#bitcoin-core-dev on 2016-06-25 — searchable irc log

00:01 < randy-waterhouse> ok, another 'devil's advocate' tester on-board segwit test smoothly ... thnx gmaxwell, sipa wumpus, etc ... and many others, good job.

00:04 < Lauda> Does the dbcache=N parameter only start using up additional memory during block processing?

00:05 < gmaxwell> Lauda: I think what you're asking is if it will use it right away, no it won't-- only has there is more data read into the cache

00:06 < Lauda> gmaxwell all that is required is "dbcache=3000" in bitcoin.conf right (since mine is practically empty) and I want to run another reindex over night?

00:06 < Lauda> since*

00:06 < gmaxwell> right!

00:06 < Lauda> Okay great. Thanks!

00:07 < Lauda> The reindex issue is indepdant of the blockchain, i.e. it doesn't matter whether one tests on testnet or mainnet (someone asked me this)?

00:07 < Lauda> independant*

00:16 < midnightmagic> i can convert my testnet node(s) to segwitty. is it time?

03:36 < jl2012> What would happen if I upgrade my node after segwit is active and there are already segwit blocks on the chain?

06:21 < GitHub136> [bitcoin] paveljanik opened pull request #8261: The bit field is shown only when status is "started" (master...20160625_sw_getblockchaininfo_bit) https://github.com/bitcoin/bitcoin/pull/8261

06:30 < gmaxwell> jl2012: it reorgs back to before segwit activated.

06:31 < gmaxwell> jl2012: then will download blocks as needed.

06:32 < jl2012> Same for other soft forks like csv?

06:33 < jl2012> I think it has to be

06:33 < gmaxwell> jl2012: it arguably should be, but we haven't done that before.

06:34 < gmaxwell> for segwit it had to go get the witness data in order to serve blocks

06:34 < gmaxwell> we'd talked about doing it in the past for other soft forks but I think we thought it would be harder to implement than it turned out to be.

06:35 < gmaxwell> (and unlikely to really matter that much unless the reason you were upgrading was to fight a network split, in which case the invalidateblock rpc can be used)
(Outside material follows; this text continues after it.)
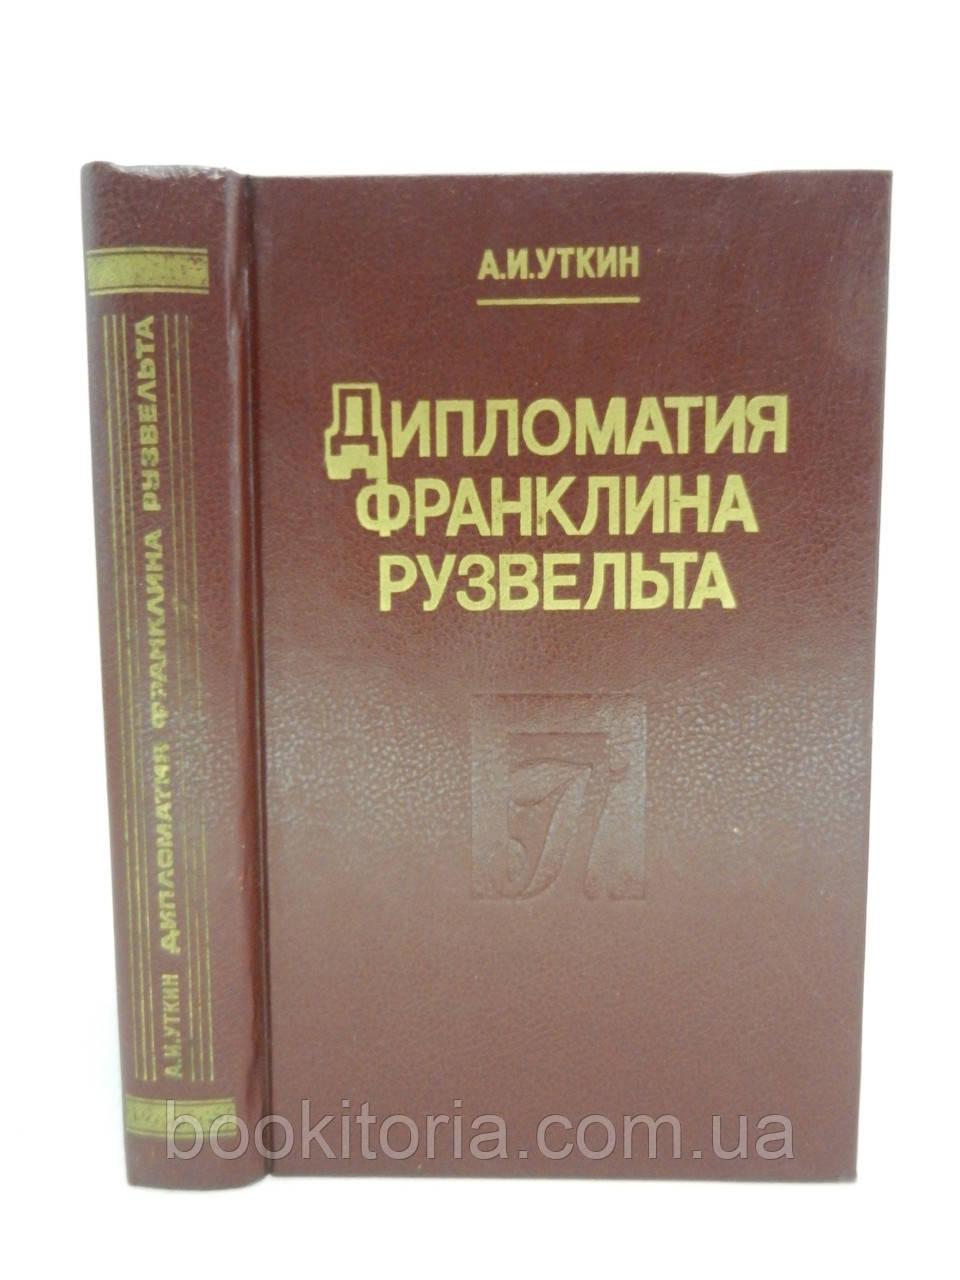 Уткин А.И. Дипломатия Франклина Рузвельта (б/у).

06:36 < jl2012> But theoretically I may be following an invalid chain

06:41 < gmaxwell> Potentially; though if there were a large invalid chain we would make loud announcements to recommend the use of the invalidateblock command. I think now that the code exists, we'd likely use it in the future.
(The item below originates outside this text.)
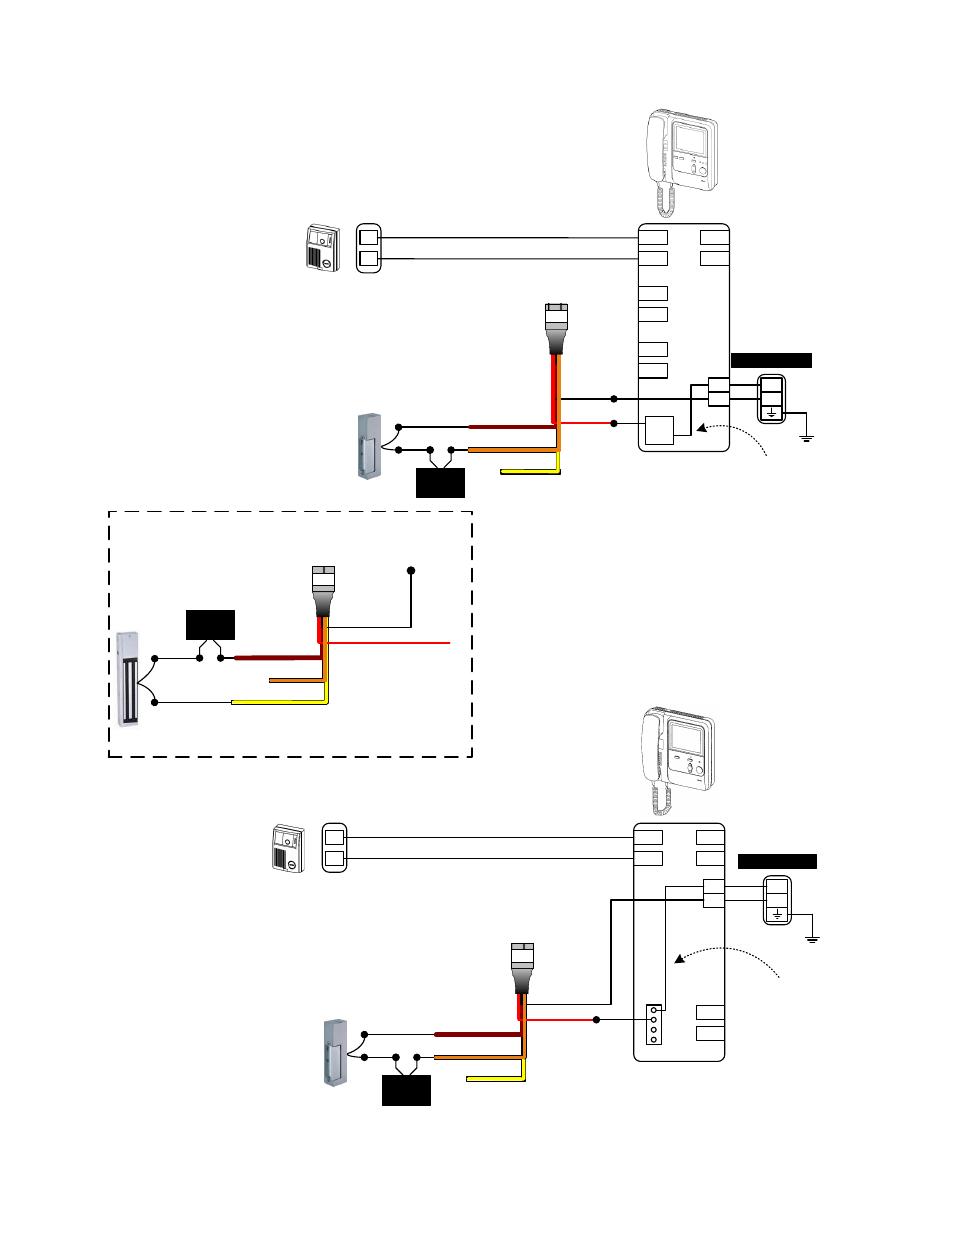 Atlas Intercom Speaker Wiring Diagrams Not Lossing Diagram Nutone Systems Library Rh 93 Kandelhof Restaurant De Home

07:54 <@wumpus> segwit testnet node: 213.46.222.31:18333

10:23 < Lauda> What is the main bottleneck for reindex, storage speed or CPU processing?

10:29 < gmaxwell> probably depends on the hardware, on my laptop I think it's IO. on systems with faster IO, I think its cpu inside leveldb code... at least with default dbcache. with dbcache cranked, its likely cpu elsewhere in bitcoin.

10:30 < Lauda> Hmm, seems like the last 20-30 weeks are taking forever

10:30 <@wumpus> Lauda: unless you have a very fast disk/ssd, or increase the dbcache, i/o will be your main bottleneck

10:30 < Lauda> I've just checked in on my node, and some bans say e.g. until June 19th but the nodes are still banned. Do these get removed after a restart or something went wrong?

10:30 <@wumpus> Lauda: you can easily check though: is CPU maxed out?

10:31 < Lauda> It isn't

10:31 < Lauda> DBcache 3GB

10:31 <@wumpus> (unless you have changed the number of script verification threads, bitcoind will max out your CPU cores in initial sync when it's not i/o bound)

10:32 < Lauda> Okay so even with 3GB dbcache that's still not enough

10:33 <@wumpus> I have a branch to run bitcoind db-less: https://github.com/laanwj/bitcoin/tree/2016_04_dummy_db it does mean it loses all data when e.g. bitcoind crashes

10:34 <@wumpus> but the utxo and block index is simply stored in a flat file, which is loaded at startup and written at shutdown

10:35 < Lauda> That's interesting and those times are amazing in comparison to leveldb

10:35 <@wumpus> if you can afford the memory :)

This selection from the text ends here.